His expertise is pipelines and hers is flow assurance. They met while working on pipeline systems used to transport gas from coal seams in Australia.
They moved on to offshore work in the Intecsea/Worley Parsons London office where they faced a problem common to those contrasting environments. There are fields in both that produce a mix of gas and liquid, where the energy required to move the mix through a pipeline significantly limits how much can be produced using natural pressure, among other problems.
But unlike coal seam producers, offshore engineers were not applying a trick common in the coal seam gas business—removing most of the fluid using separators. The method is based on something really basic—it takes a lot less energy to move just gas or just liquids— so they wondered, “Why has no one else done this?”
A mixture of natural gas and liquids offers engineers on deepwater projects two bad options. A wide-diameter pipe able to transport large volumes of gas will allow condensation, creating slugs and liquid holdup. As the natural pressure goes down, the liquids problem grows worse and, after a few years, the natural pressure is not high enough to sustain production.
Going to a narrower pipe and higher pressure reduces the slugging, but limits production from the well early on. The added frictional resistance in that narrow diameter pipe significantly reduces the productive life of wells.
There are options—such as adding a production platform, compression, or a second line—but they all require large investments.
It was an interesting problem, but back when the offshore business was going strong, they were busy at work and at home raising their two children.
That all changed when they were laid off after the offshore business crashed. Or as Thomas put it, they now had “the opportunity and time” to look into that question. They assumed someone else had patented a solution, but were happy to find that no one had, and began looking for a way to make it work offshore.
What followed was a 3-month effort to do something audacious. A couple of engineers at home set out to find a way to profitably develop large stranded gas fields that can significantly outperform methods developed by some of the world’s most technically sophisticated oil companies. It was a period of lows and highs as they ran into walls and experienced eureka moments.
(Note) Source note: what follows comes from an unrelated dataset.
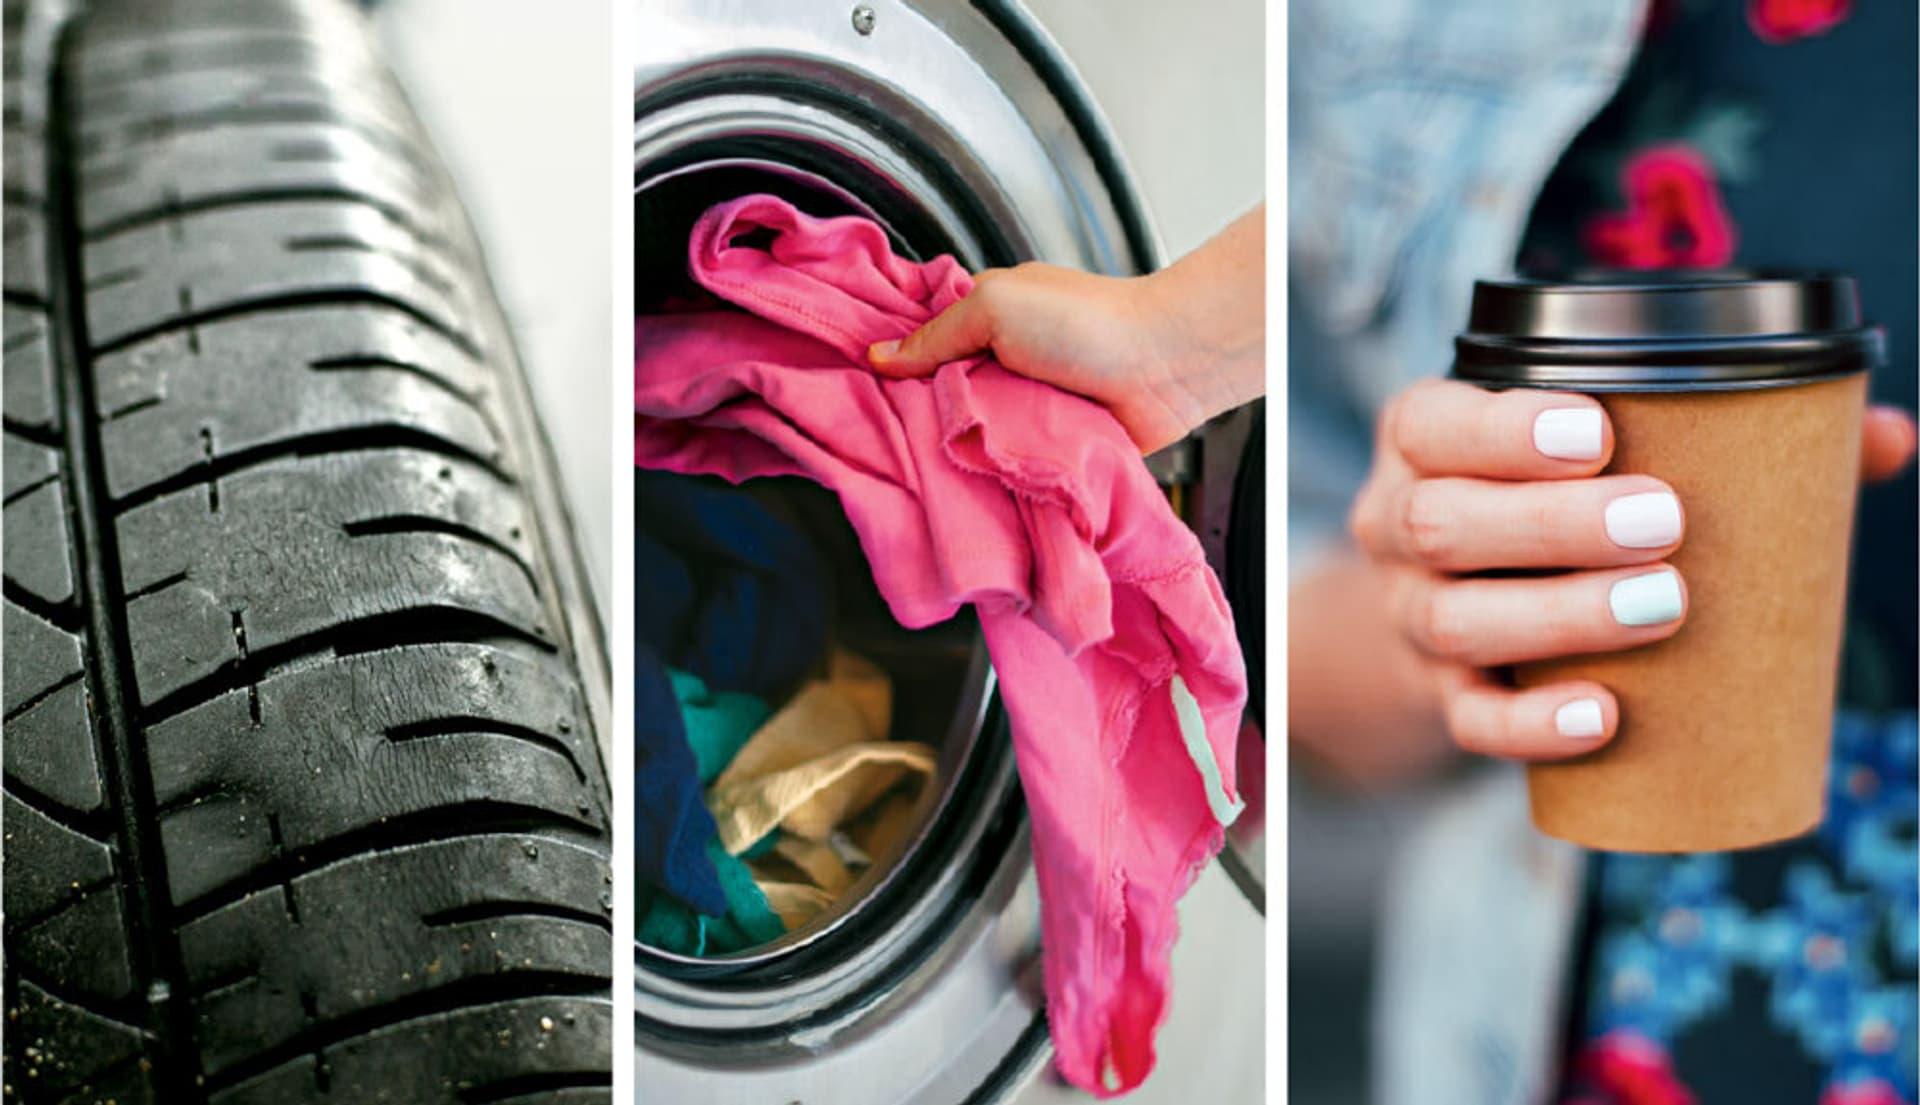 Mikroplastik entsteht durch Reifenabrieb, beim Waschen von Textilien und durch Erosion von Verpackungen.

Those solutions tended toward “increasing simplicity,” Thomas said.
The competition ranged from Shell’s floating gas liquefaction vessel, the Prelude, which cost nearly $11 billion, to the world’s only subsea compression system, developed by Statoil, which cost an estimated $2 billion.
Their goal was to turn to what Thomas described as a “brutally simple” method into a practical alternative that would allow gas lines running 200 km from a field to shore without reducing the potential production. Thomas said they may be able to stretch that to 300 km.
The technical paper delivered by Thomas at the 2018 Offshore Technology Conference in early May (OTC 28949) offered an example that compared their method to a more typical approach using current technology that delivered an additional $9 billion worth of gas from a field more than 170 km from shore and reduced capital expenditure by 40%. “If that is not going to get the project moving forward I don’t know what will,” he said.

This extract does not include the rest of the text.